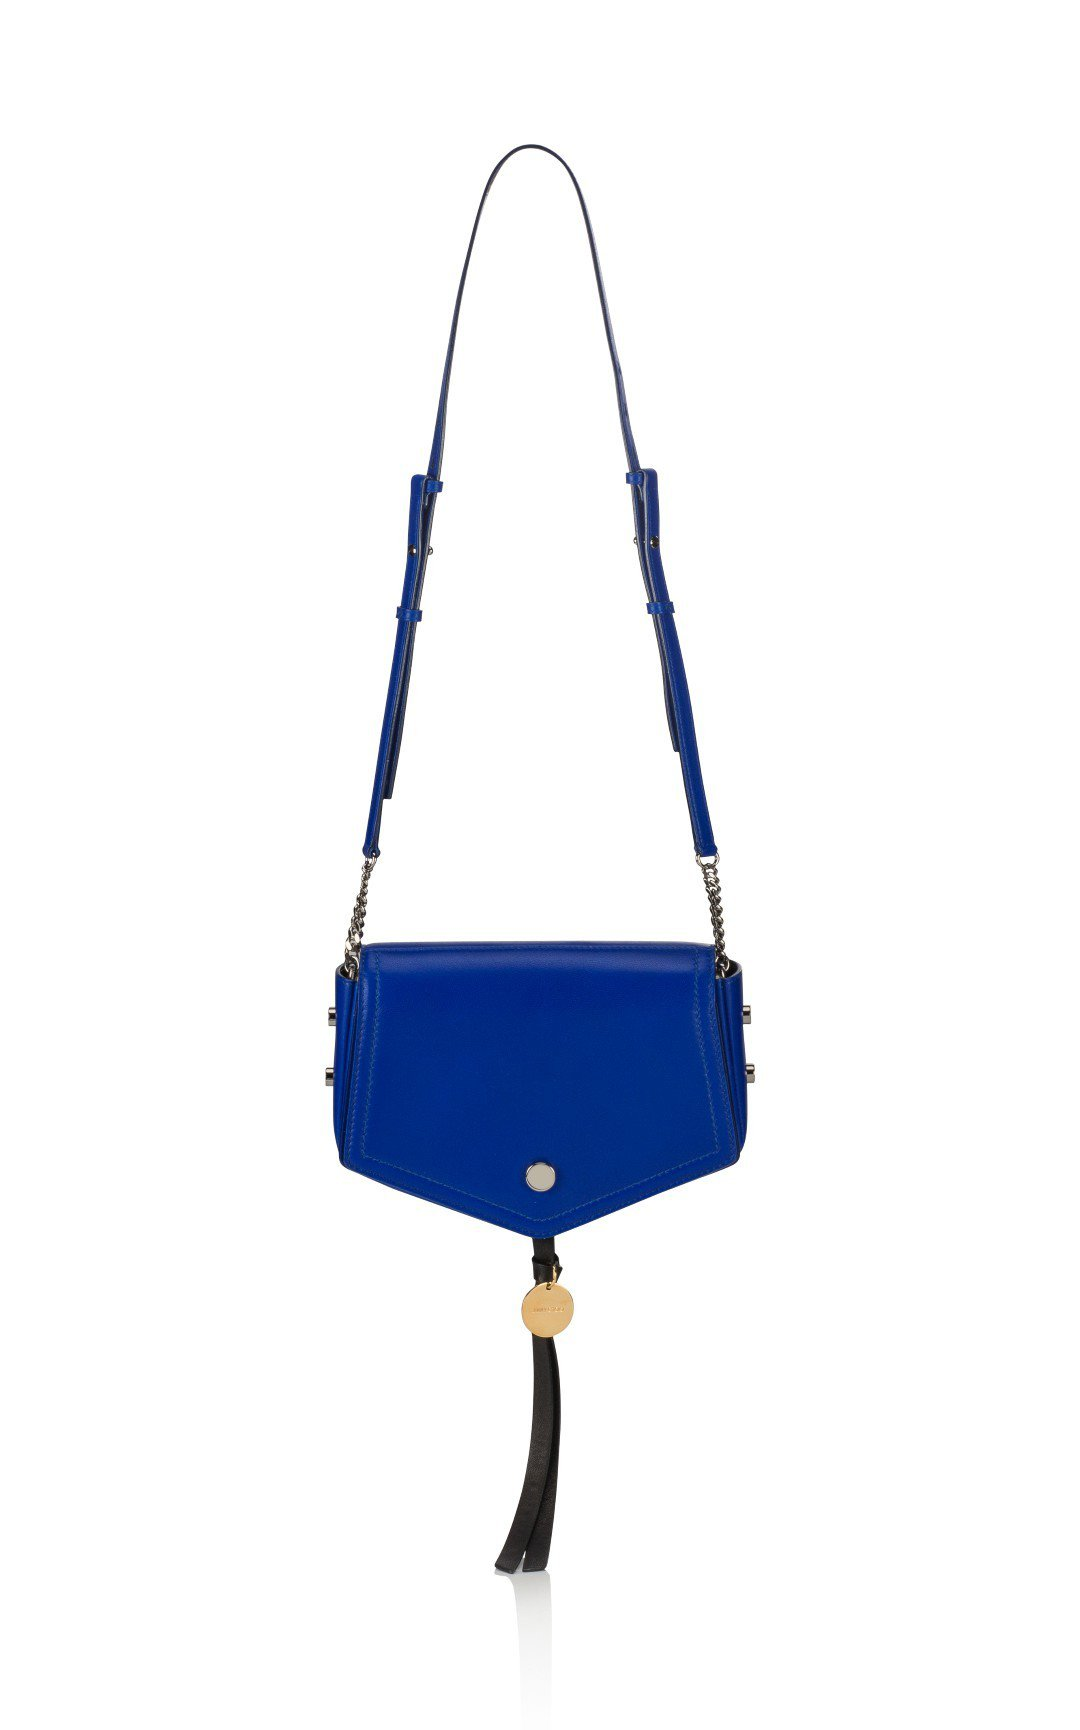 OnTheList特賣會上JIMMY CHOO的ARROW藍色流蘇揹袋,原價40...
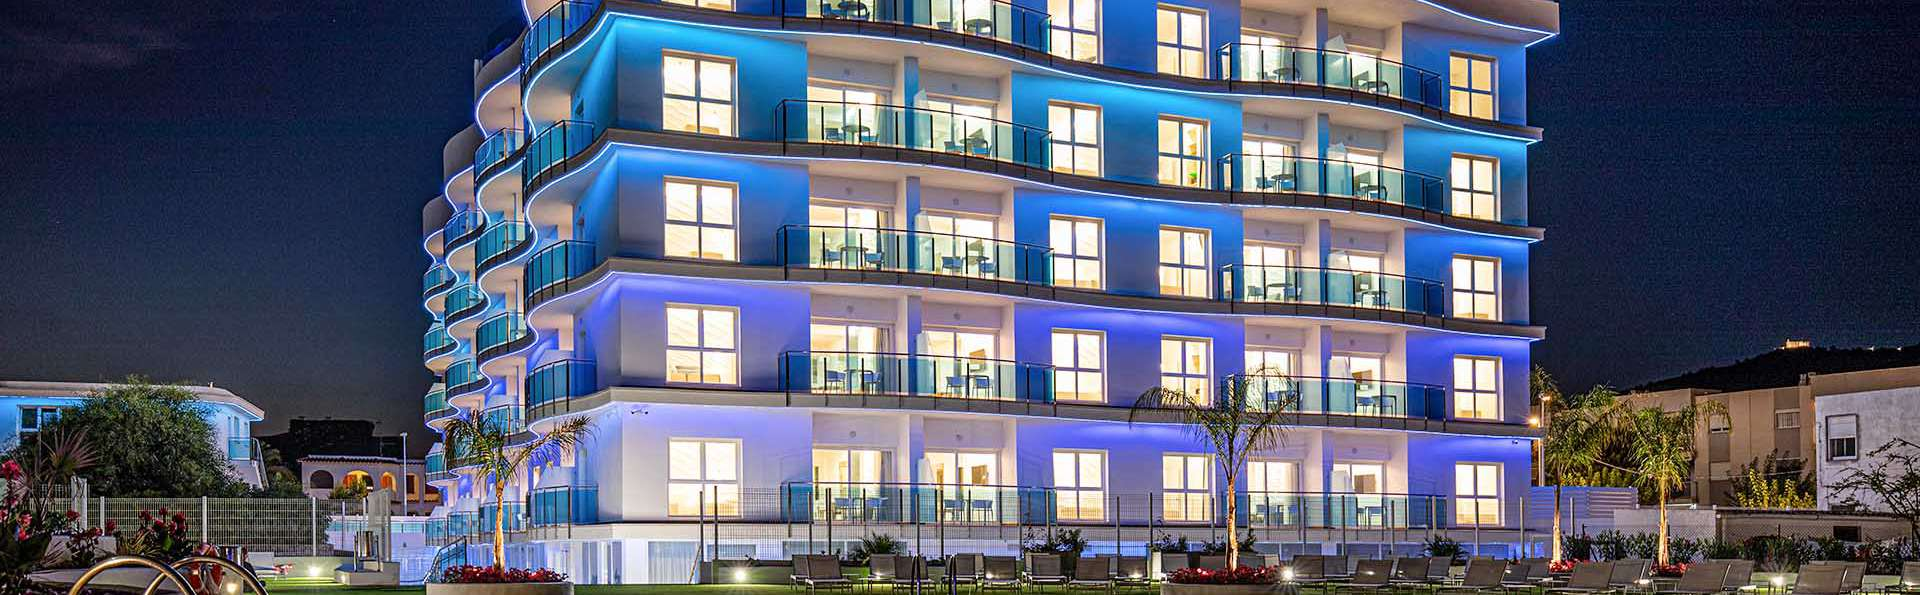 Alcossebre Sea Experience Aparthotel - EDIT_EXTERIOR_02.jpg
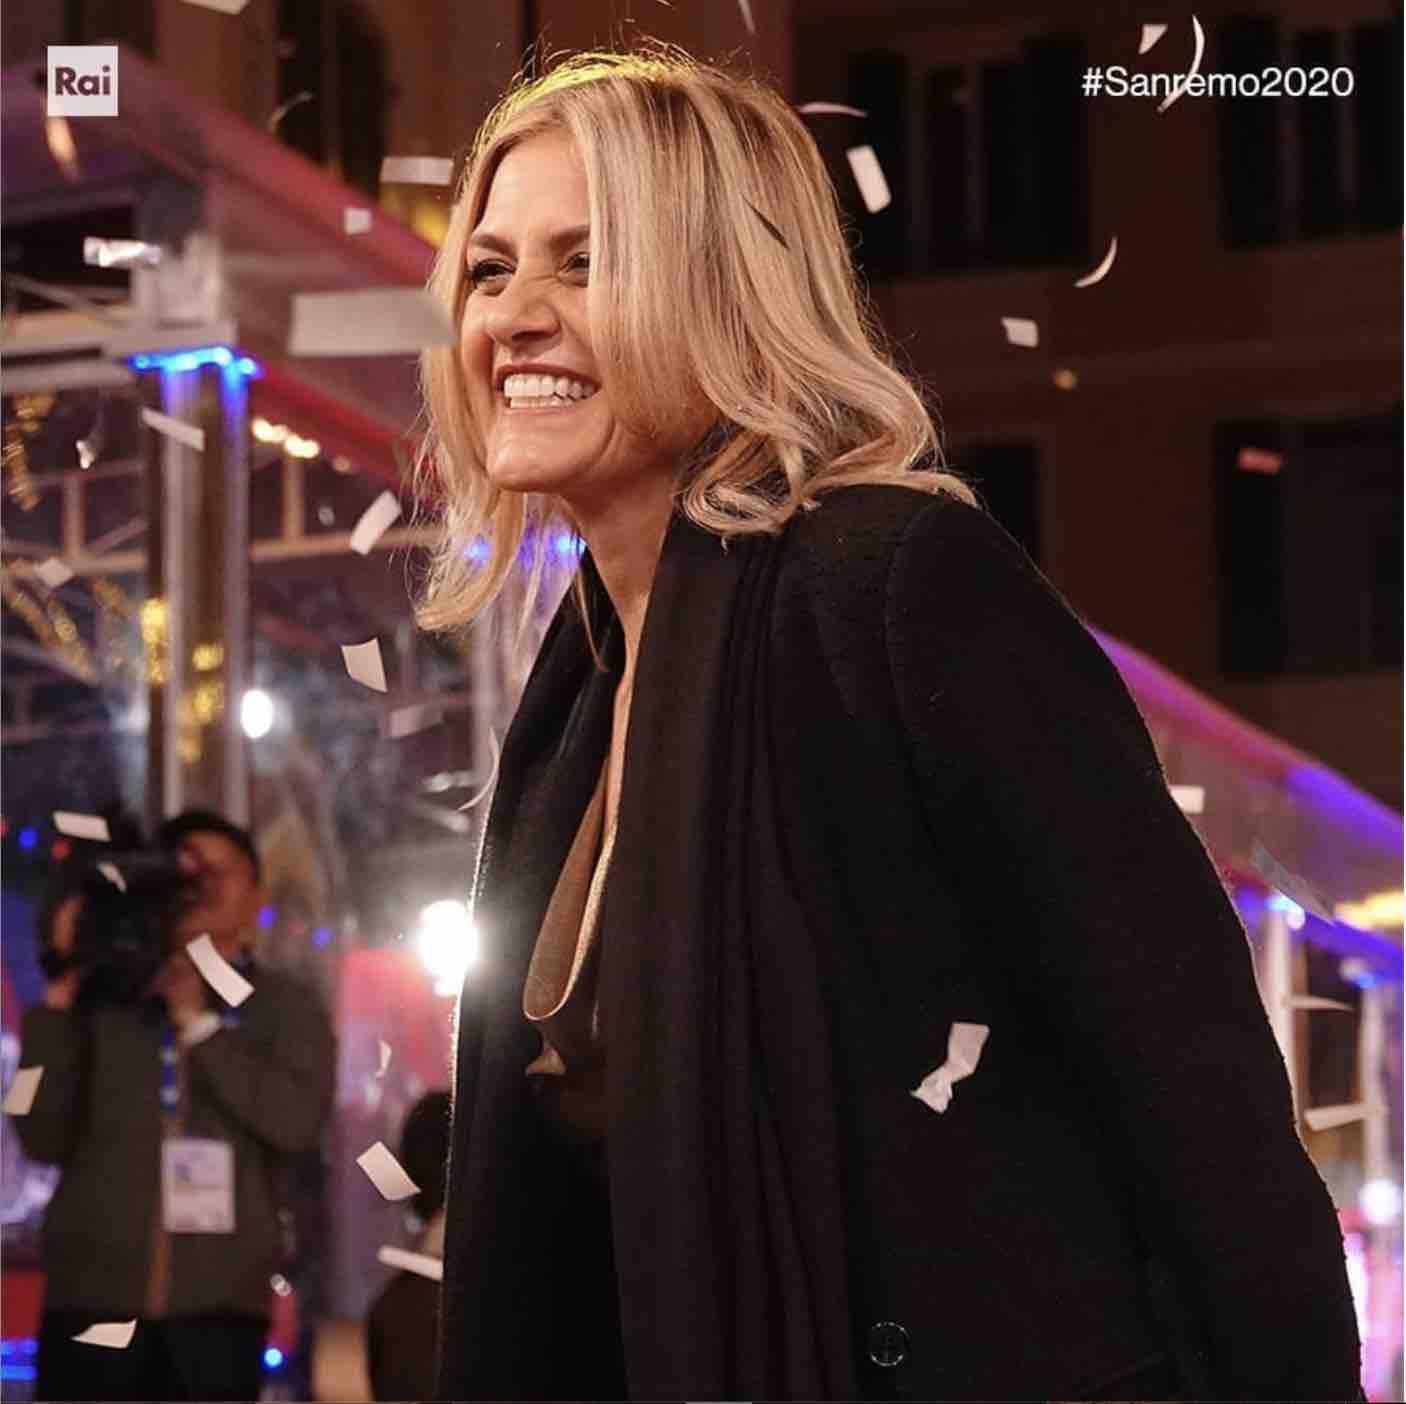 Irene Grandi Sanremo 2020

__Work instructions__. Copy the material above exactly and drop the pictures.

__Reply__.
 OnTheList特賣會上JIMMY CHOO的ARROW藍色流蘇揹袋,原價40...
 Alcossebre Sea Experience Aparthotel - EDIT_EXTERIOR_02.jpg
 Irene Grandi Sanremo 2020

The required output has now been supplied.